More genetic screening and genetic engineering are now being touted as fail-safe mechanisms of improving humankind's chances of reaching the stars. The announcement was made in Moffett Field, California, on October 30.


The speaker was expert J. Craig Venter, a pioneer in genomics studies, and the biologist who founded the J. Craig Venter Institute. The research organization created the first synthetic organism a few months ago.

One of Venter's main ideas was that screening for individuals that may be better genetically equipped to survive a mission to space would make the entire selection process cheaper and easier, and also help improve the efficiency of future missions.

“I think this could change the shape of what NASA does, if you make the commitment to do it,” explained the researcher at the conference, quoted by Space.

Venter was also in charge of an international team of scientists, that decoded the entire human genome some 10 years ago, Space reports. The meeting took place at the NASA Ames Research Center.

There were in fact two meetings held at the Center, one sponsored by NASA and dealing with synthetic biology, and the other by the Space Studies Institute, which was called Space Manufacturing 14: Critical Technologies for Space Settlement.

One of the most interesting ideas that the expert showcased was that of synthetic astronauts, people whose genomes would be tinkered with so that they express a host of abilities rarely found in other individuals.

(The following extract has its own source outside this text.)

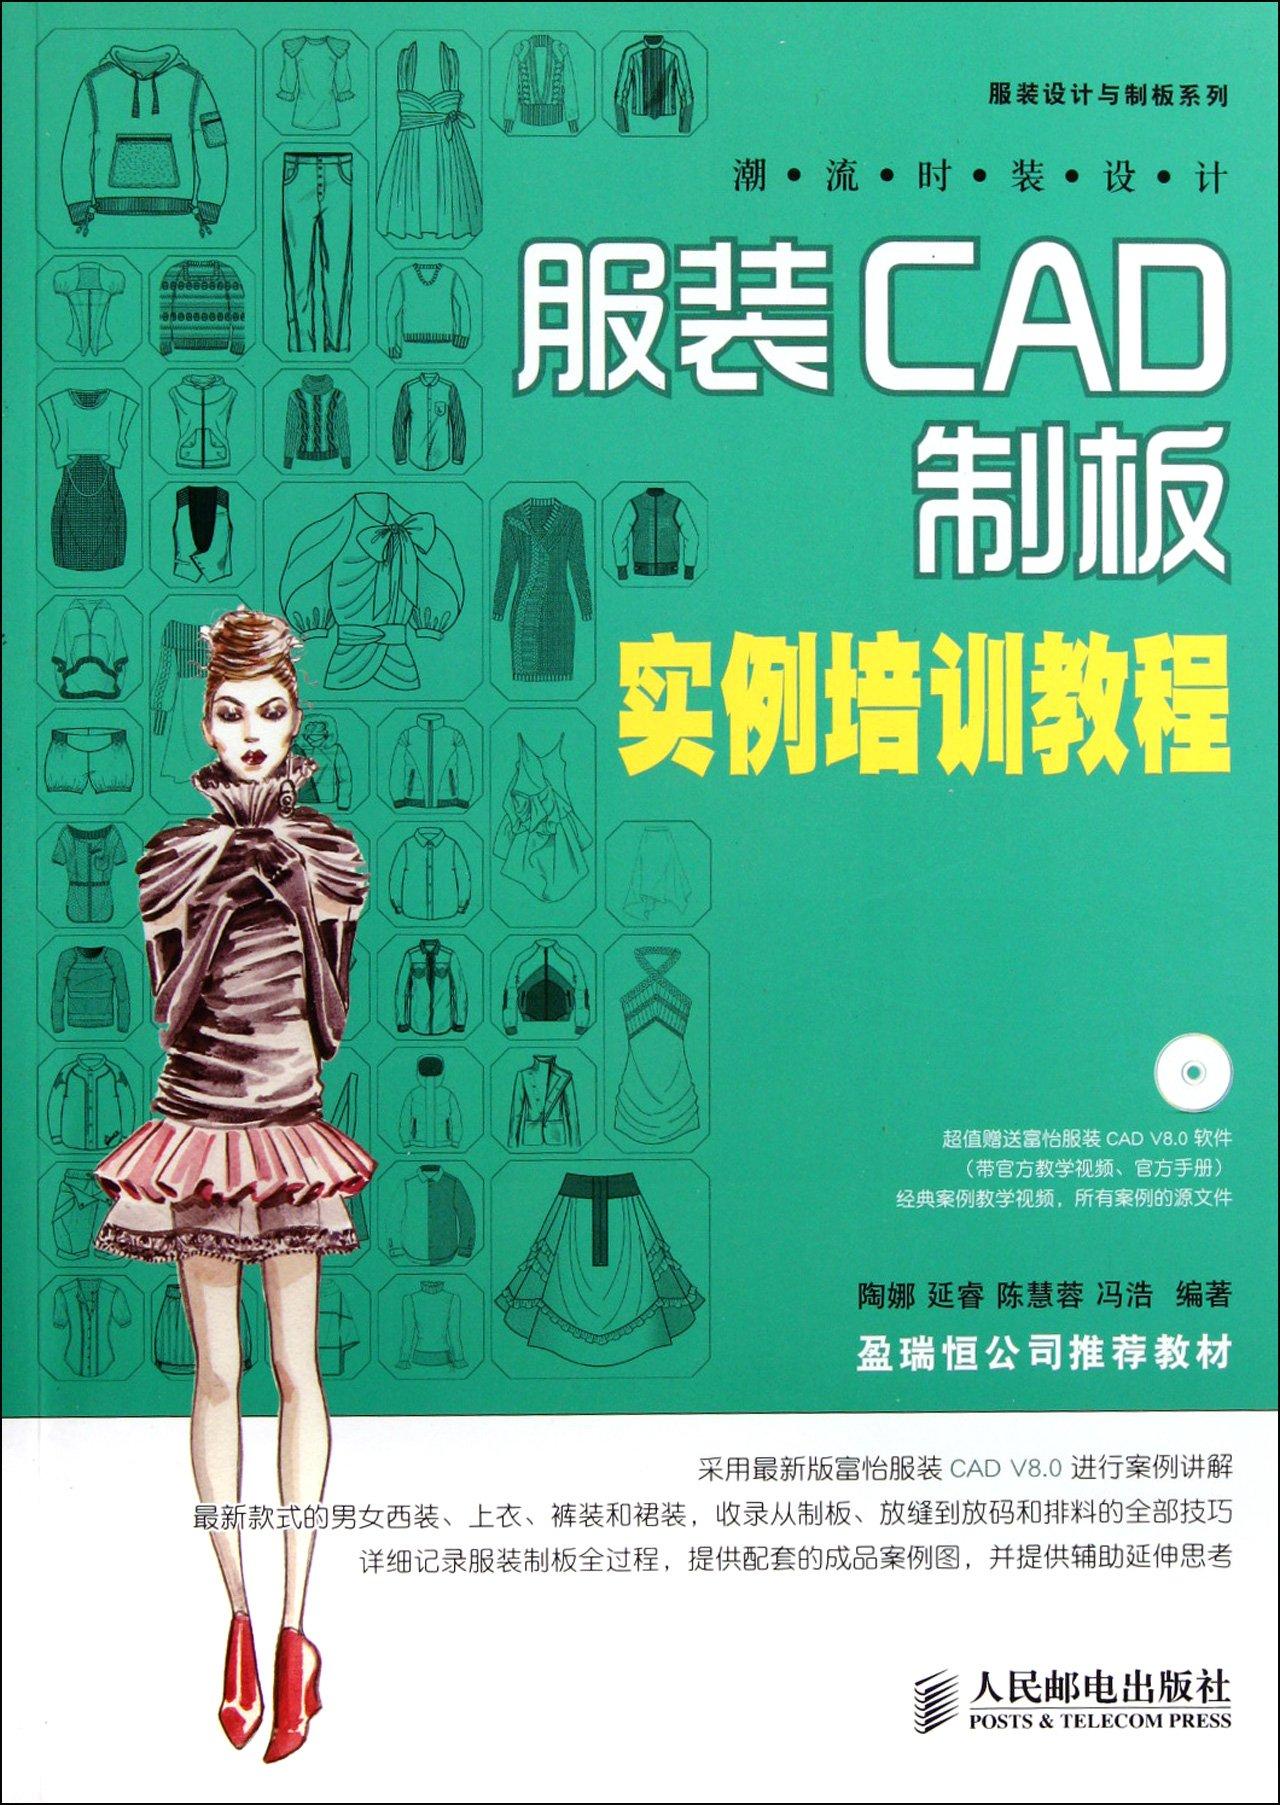 Fashion Design Case Training For Fashion Cad Plating Chinese Edition Tao Na Yan Rui Chen Hui Rong Feng Hao 9787115274243 Amazon Com Books

The issue here is not as much as giving an individual an ability, but collecting a large number of traits, and putting them all together in a man or woman.

Venter explains that, for instance, future astronauts could be engineered to have better gut flora, less harmful bacteria in sweat, or produce no sweat at all. Their DNA could also be tweaked so that it can repair itself after being exposed to cosmic radiation.

But even the biologist admits that the work on this is still in its earliest stages. A few more years will have to pass before experts can consider there ideas, and weigh their moral and ethical implications.

“I can't think of an organization that could benefit from synthetic genomics more than NASA,” Venter concluded in his speech.